Профессор, занятый ребенком, не проронил ни слова; но с того момента, как советница предложила молодой девушке браслет, он сильно покраснел… Наконец он предоставил завернутую в плед девочку нежным рукам дам и направился к двери. Фелисита ушла в угол и прислонилась к стене; мертвенная бледность лица, нахмуренные брови и сжатые губы ясно показывали, что она испытывала сильную боль от обожженной руки. Взор профессора остановился на молодой девушке, и через мгновение он стоял перед ней.
— Вам очень больно? — быстро спросил он.
— Я могу терпеть, — ответила Фелисита дрожащими губами и отвернулась к окну — она не могла видеть эти глаза, столь ненавистные ей с детства.
— Вы не хотите принять моей помощи? — доброжелательным тоном спросил он.
— Я не хочу вас утруждать, — ответила девушка. — Я вылечу себя сама, как только мы вернемся в город.
— Как хотите, — холодно сказал профессор. — Но я должен вам напомнить, что моя мать еще нуждается в вас.
— Я этого не забыла, — ответила она менее раздраженно. Она почувствовала, что это напоминание о ее обязанностях было сделано не с целью ее унизить, а чтобы заставить ее принять его помощь. — Я отлично помню наш договор, — добавила она, — и вы до последней минуты найдете меня на указанном мне месте.

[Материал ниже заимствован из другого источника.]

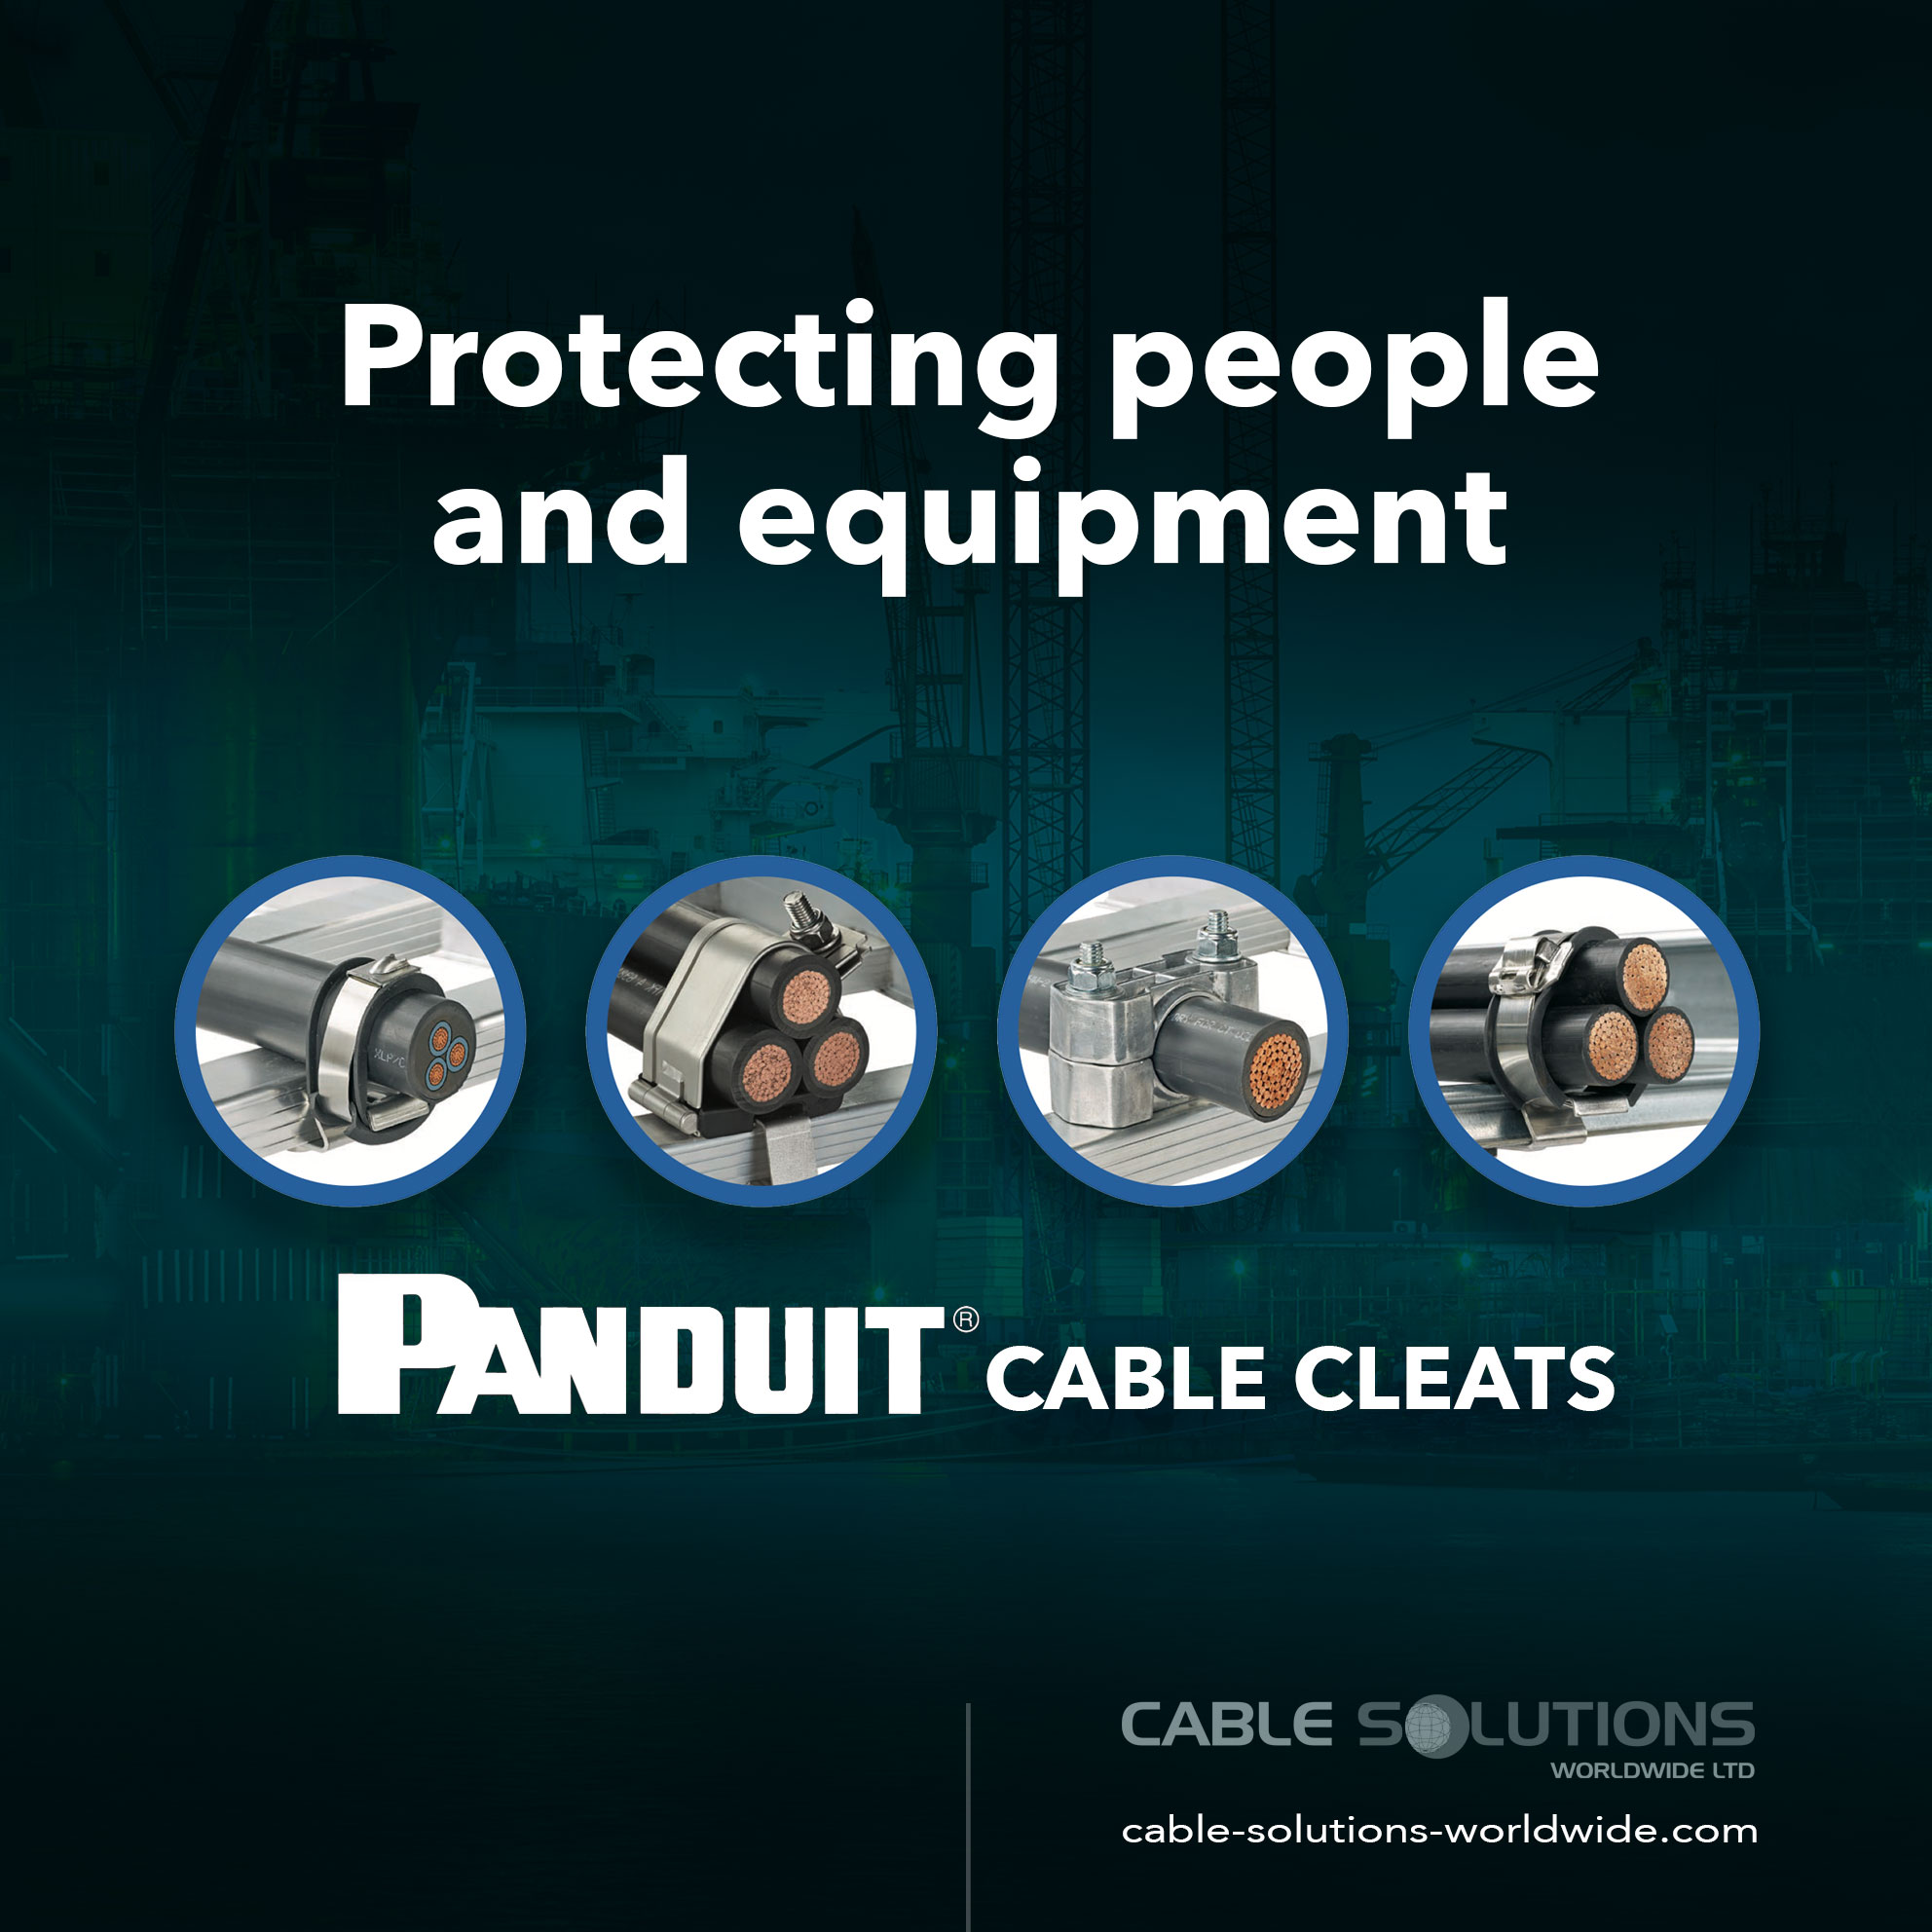 Panduit cable cleat solutions

— Твоя медицинская помощь понадобилась и здесь, Иоганн? — спросила, подходя, советница.
— Нет, — ответил он коротко. — Но что ты тут делаешь, Адель? Я ведь сказал, что Анну нужно сейчас же вынести на свежий воздух. Не понимаю, что ты делаешь в этой душной комнате!
Профессор вышел, и советница поторопилась взять ребенка на руки, за ней последовали и дамы. За кофейным столом давно уже сидела госпожа Гельвиг. Опасность, угрожавшая двум человеческим жизням, не могла нарушить ее равновесия, основанного на стальных нервах и черствой душе.
Наконец явились Генрих с одеждой и Роза. Госпожа Гельвиг позволила Фелисите вернуться в город. Девушка знала, что у тети Кордулы есть хорошая мазь от ожогов, и поспешила к ней, оставив Генриха сторожить дом.
Пока испуганная старая дева доставала мазь и перевязывала пострадавшую руку, Фелисита рассказала обо всем случившемся, не упомянув, однако, о браслете. Когда старая дева спокойно заметила, что ей не следовало отказываться от врачебной помощи, она воскликнула:
— Нет, тетя! Эта рука не должна прикасаться ко мне, даже если бы она могла спасти меня от смертельной опасности! Тот класс людей, из которого я происхожу, ему ведь «невыразимо противен». Эта фраза тяжело ранила мое детское сердце — я ее никогда не забуду! Долг врача заставил его сегодня преодолеть то отвращение, которое он питает к парии, — я не хочу его жертв!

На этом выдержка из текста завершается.